Consider the following two sequences:
$$a_n = 3a_{n-1} + 2a_{n-2}, a_0 = 1, a_1 = 2$$ and $$a_n = 2a_{n-1} + 4^{n-1}, a_0 = 1$$
I see the method used here that looks nice and clean but I can't detect the pattern here in these two cases. Maybe I'm not paying good attention?

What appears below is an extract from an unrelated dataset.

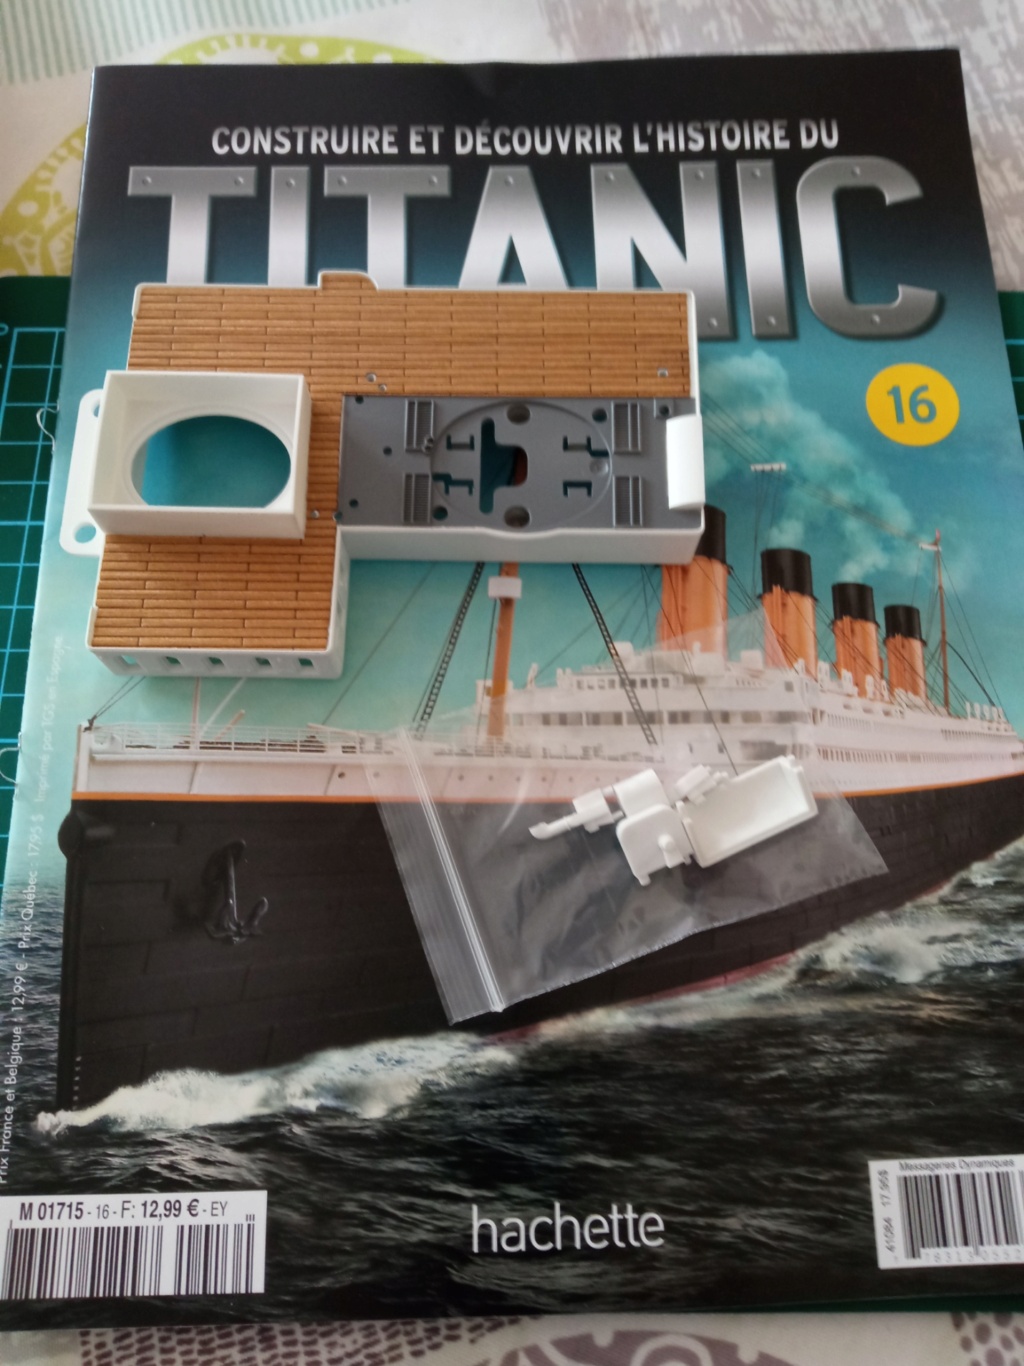 RMS Titanic [Hachette 1/200°] de clg78 - Page 5 16_110

As regards the second one, multiply both sides of the equation by $z^n$ and take the sum for $n$ from $1$ to infinity: $$\sum_{n=1}^{\infty}a_nz^n = 2\sum_{n=1}^{\infty}a_{n-1}z^n + \sum_{n=1}^{\infty}4^{n-1}z^n,$$ that is, for $4|z|<1$, $$f(z)-a_0 = 2zf(z) + z\sum_{n=1}^{\infty}(4z)^{n-1}=2zf(z) + \frac{z}{1-4z}$$ where $f(z):=\sum_{n=0}^{\infty}a_nz^n$ is the generating function of the sequence $(a_n)_{n\geq 0}$. Finally use the fact that $a_0=1$, and solve with respect to $f$.
Can you take it from here? For the first one, try to follow the same procedure.